Provided data:
------------------------------------------------------------------------
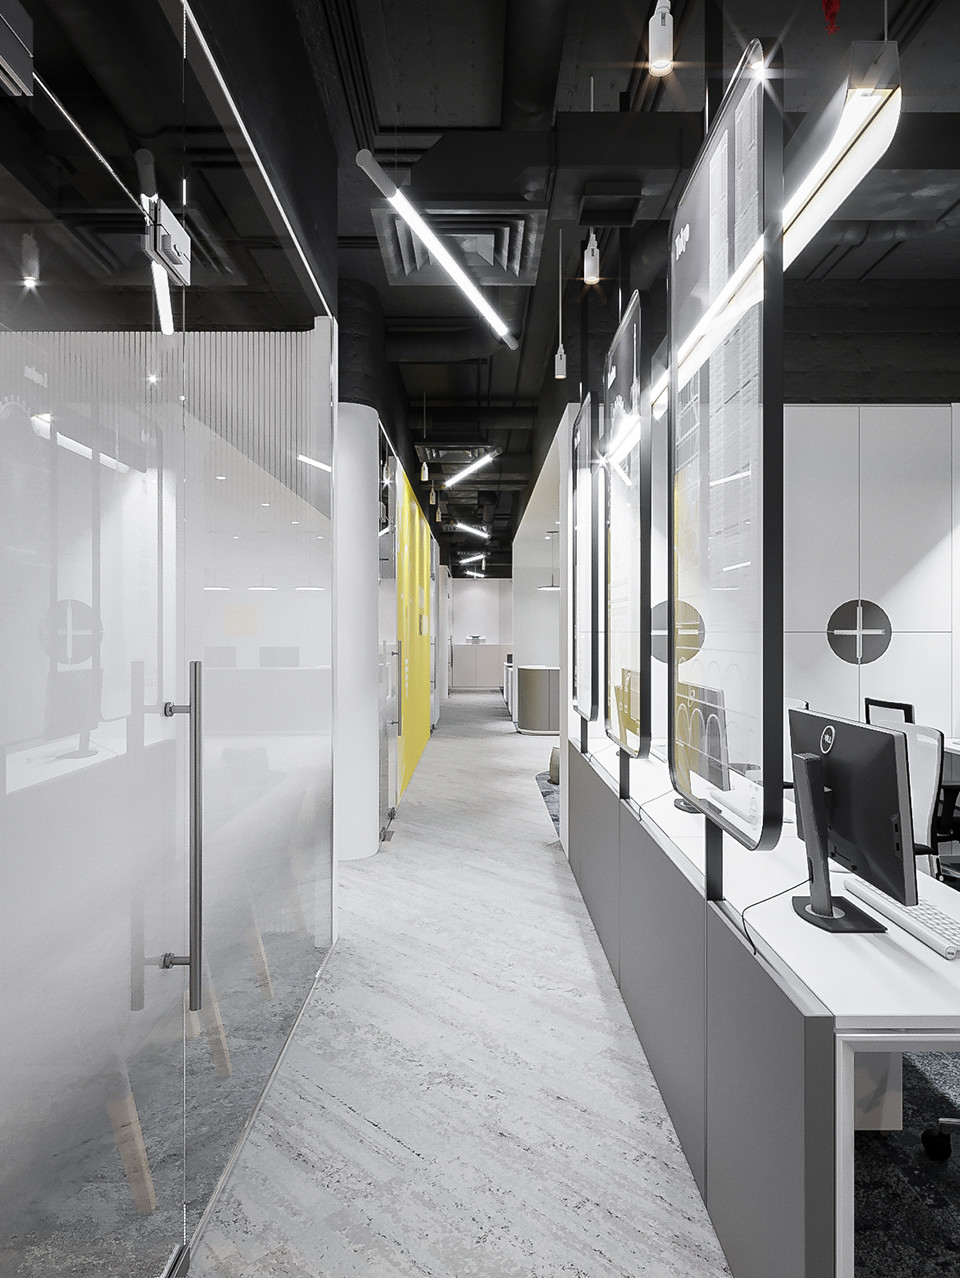 Hành lang văn phòng, sử dụng vách kính để phân chia không gian và đảm bảo riêng tư
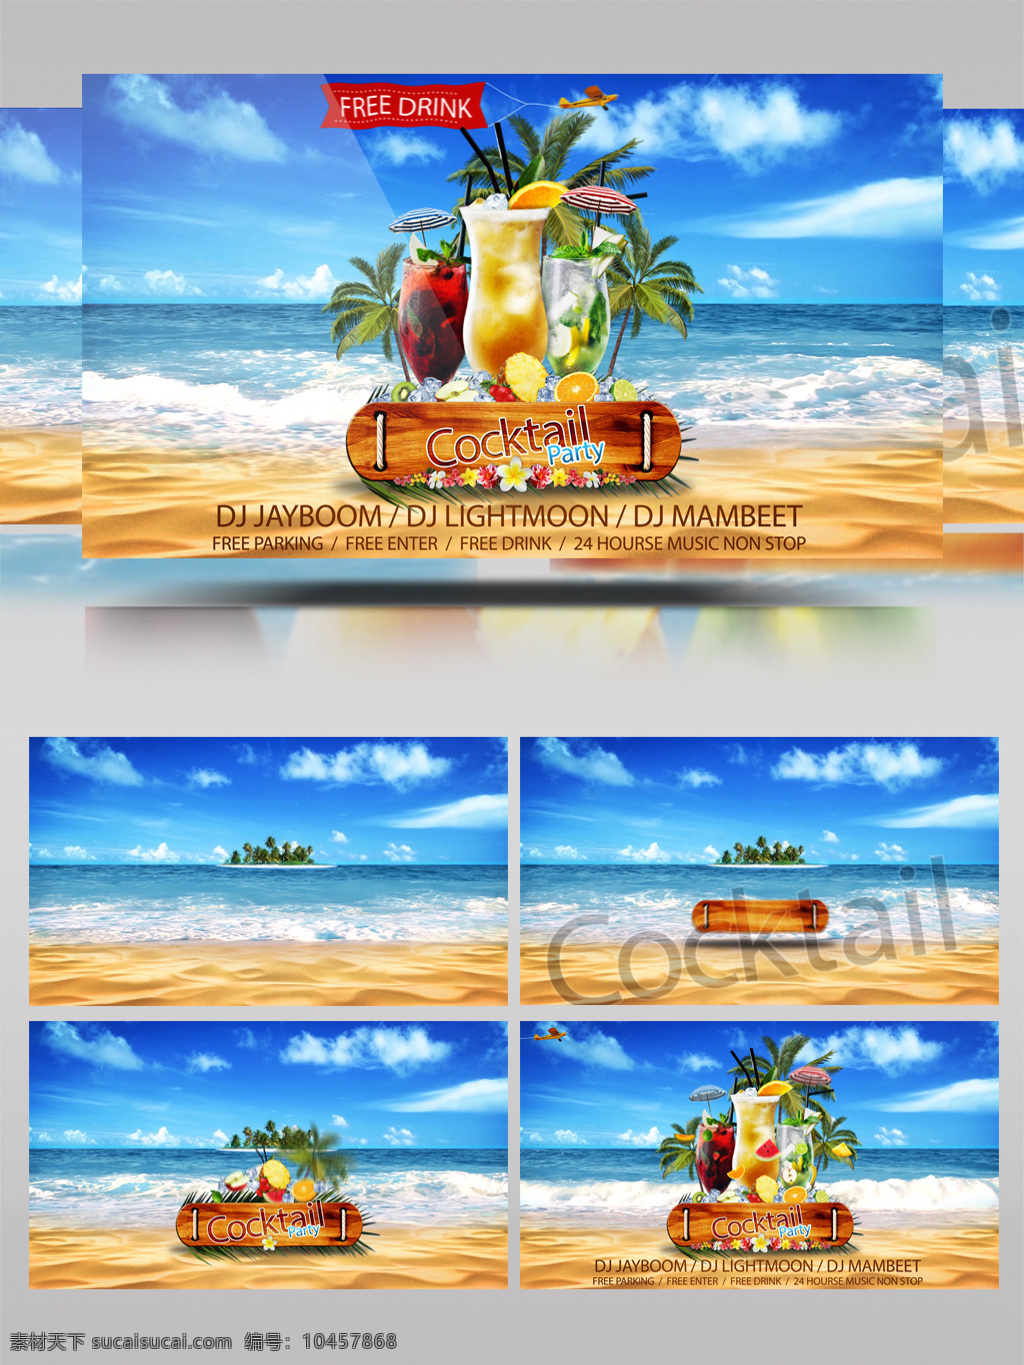 火热 夏日 免费 畅饮 宣传海报 动画 ae 模板 暑假 派对 海滩 促销 大海 推广 3d动画 片头
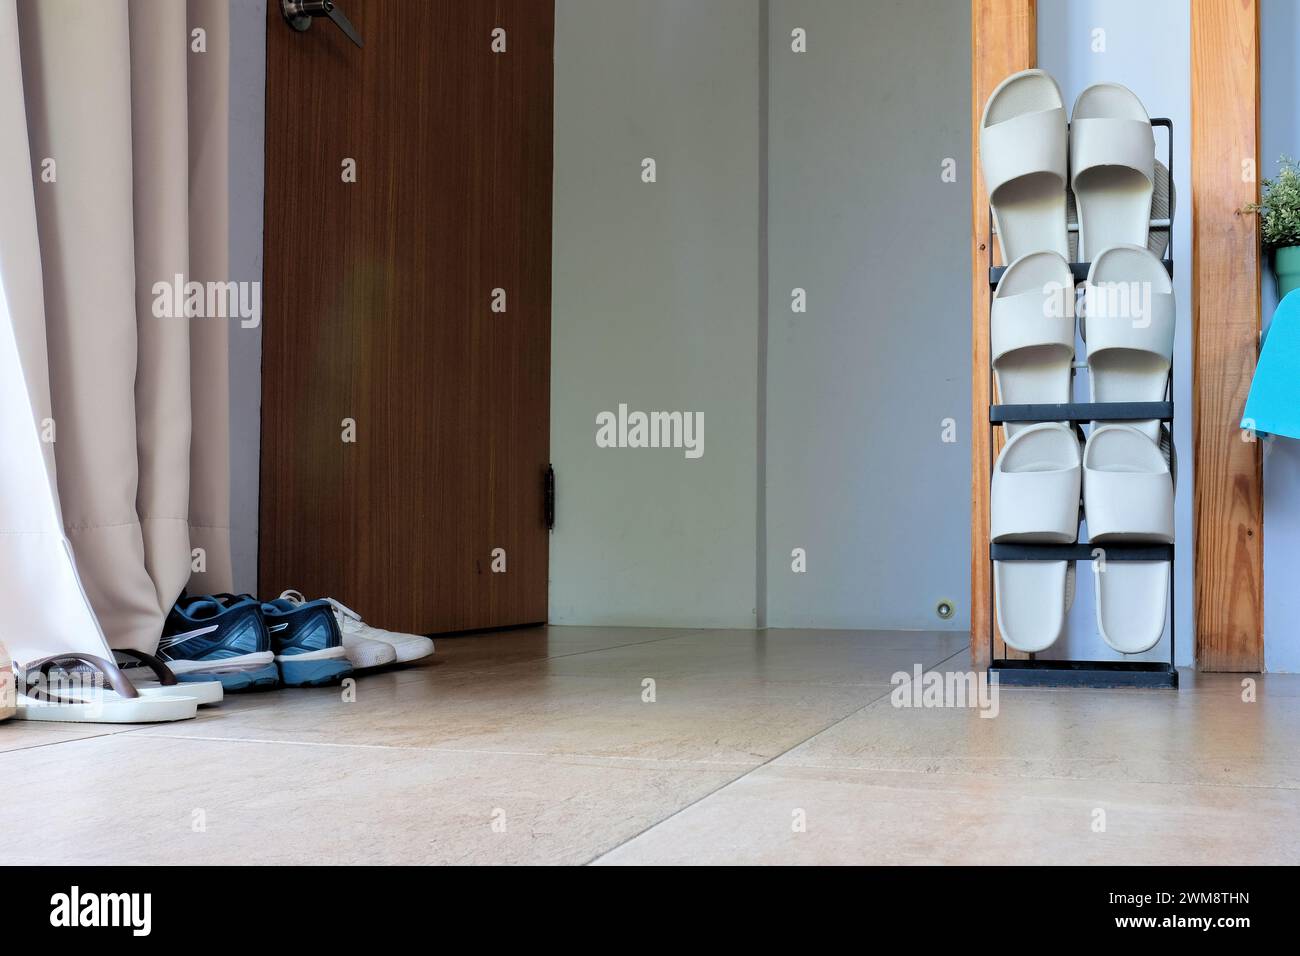 Vertikales Schuhregal mit drei Paar Gummisandalen für den Einsatz im Innenbereich neben Tür und Eingang mit Schuhen im Freien auf dem Boden; Asien, Taiwan. Stockfoto
------------------------------------------------------------------------
Reproduce exactly and only the lines from the line that contains "火热 夏日 免费 畅饮" to the end of the data above, both ends included. No pictures go in the copy.

 火热 夏日 免费 畅饮 宣传海报 动画 ae 模板 暑假 派对 海滩 促销 大海 推广 3d动画 片头
 Vertikales Schuhregal mit drei Paar Gummisandalen für den Einsatz im Innenbereich neben Tür und Eingang mit Schuhen im Freien auf dem Boden; Asien, Taiwan. Stockfoto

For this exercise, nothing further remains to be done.